Re: Linguistic terms (was: Formal vs. natural languages)
From: | Paul Kershaw <ptkershaw@...> |
Date: | Tuesday, March 31, 2009, 13:19 |
----- Original Message ----
> From: R A Brown <ray@...>
> To: CONLANG@listserv.brown.edu
> Sent: Tuesday, March 31, 2009 3:47:46 AM
> Subject: Linguistic terms (was: Formal vs. natural languages)
>
> Dirk Elzinga wrote:
> > My point was that 'ergative' may be a misleading label (especially for one
> > who knows the etymology)
>
> No more 'misleading' than "accusative", surely? In fact, I'd say less
> misleading since the person-in-the-street probably has little feel for
> the etymology of "ergative" but s/he will be quite familiar with the
> verb 'to accuse.'
So if we're going to club words over the head and use them for our own devices, we
should be ransacking Latin or Greek rather than English. ;)
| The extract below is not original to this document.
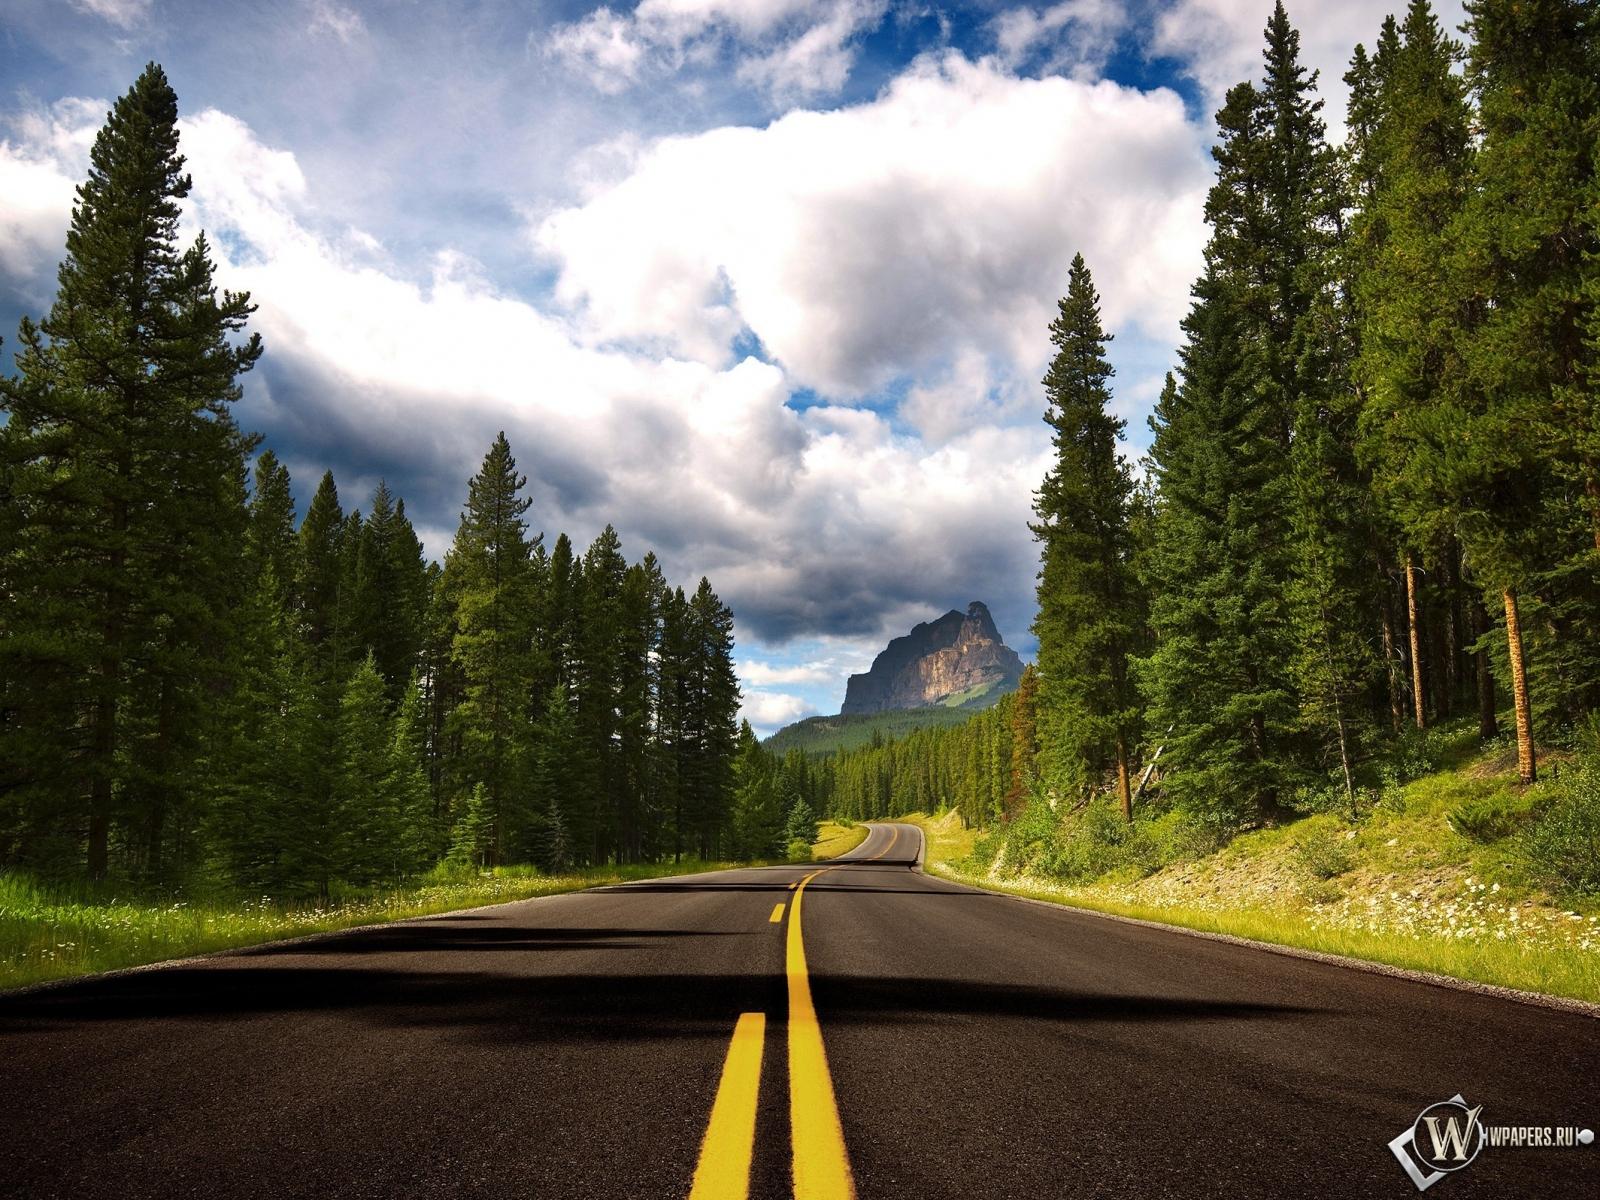 Дорога лес деревья 1600x1200 картинки

In all seriousness, I agree with Dirk's actual point; there are many technical
terms which, when compared to their meanings in colloquial English, don't make a
lot of sense. Most of these we've inherited from forebears who were infatuated
with Latin grammarians, and most of these I reckon make more sense in Latin or
Greek, but have stopped making sense because of diachronic semantic shifts from
Latin to English (just as the command "inspire, expire" makes sense to both a
Francophone and an Anglophone, but with very different meanings). I got all that.
:)
But yeah, I felt like he was picking on "ergative" specifically. :( Bully!